> [What to work on]
Below are some records. Return exactly the lines from the one with "massagens net pt encontros mulheres" to the one with "12 июня в парке, по", and nothing else.

> [Study material]
----------

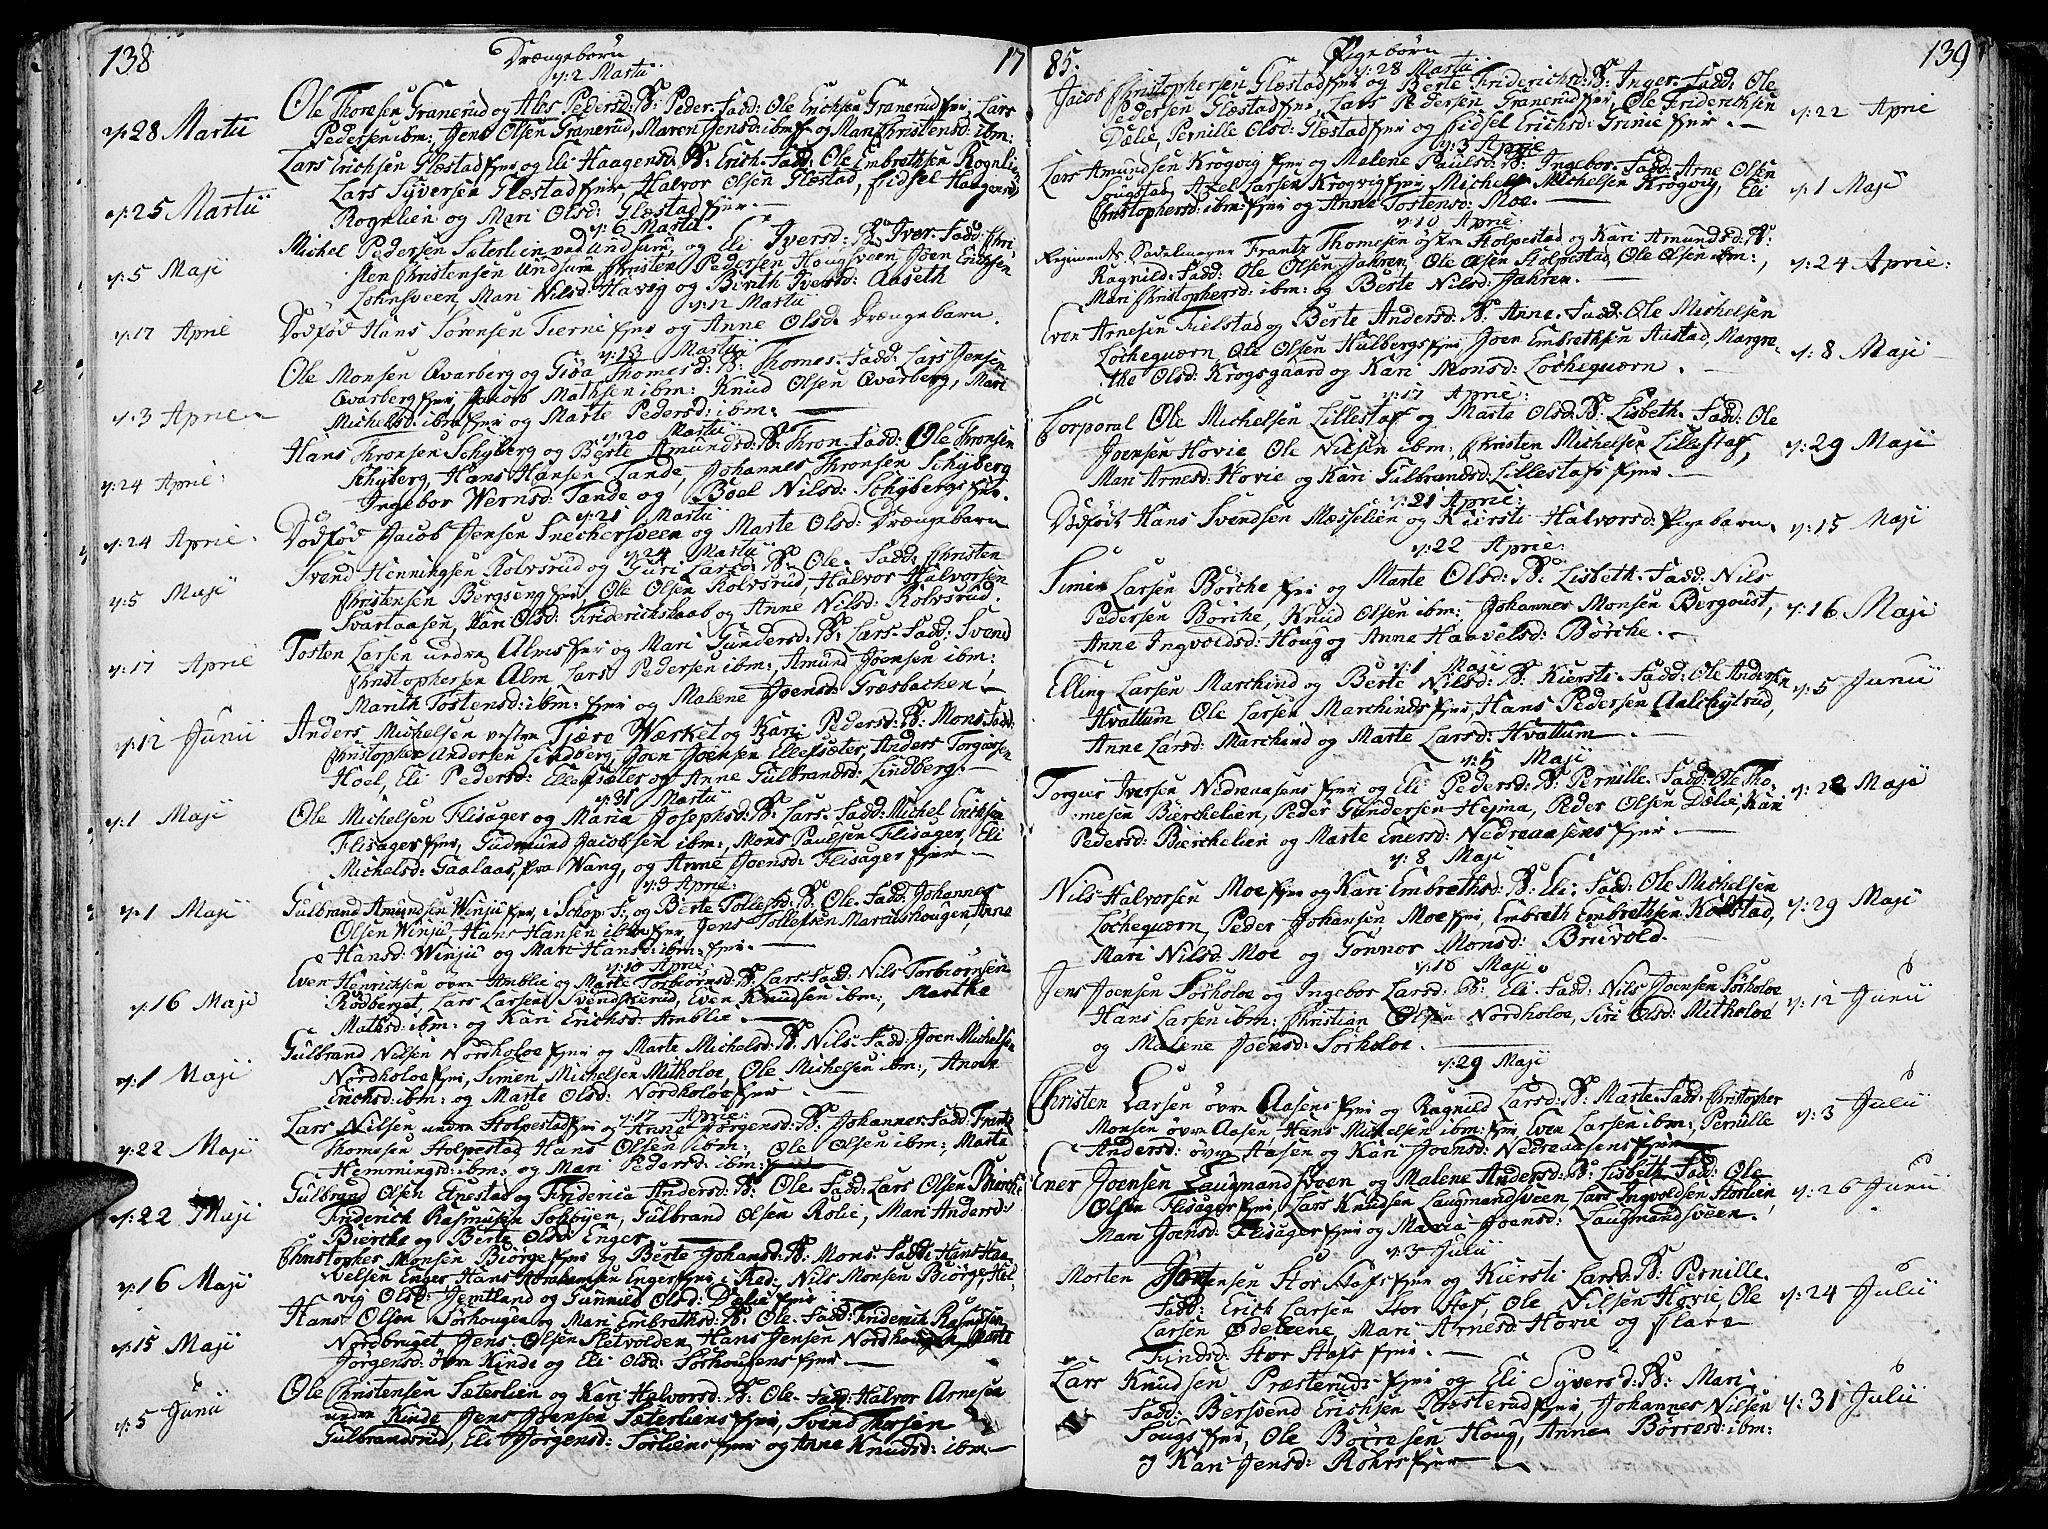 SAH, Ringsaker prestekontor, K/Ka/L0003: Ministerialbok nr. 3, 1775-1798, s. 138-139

----------

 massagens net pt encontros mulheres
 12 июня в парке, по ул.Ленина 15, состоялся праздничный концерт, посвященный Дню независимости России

----------

> [Your solution]
 massagens net pt encontros mulheres
 12 июня в парке, по ул.Ленина 15, состоялся праздничный концерт, посвященный Дню независимости России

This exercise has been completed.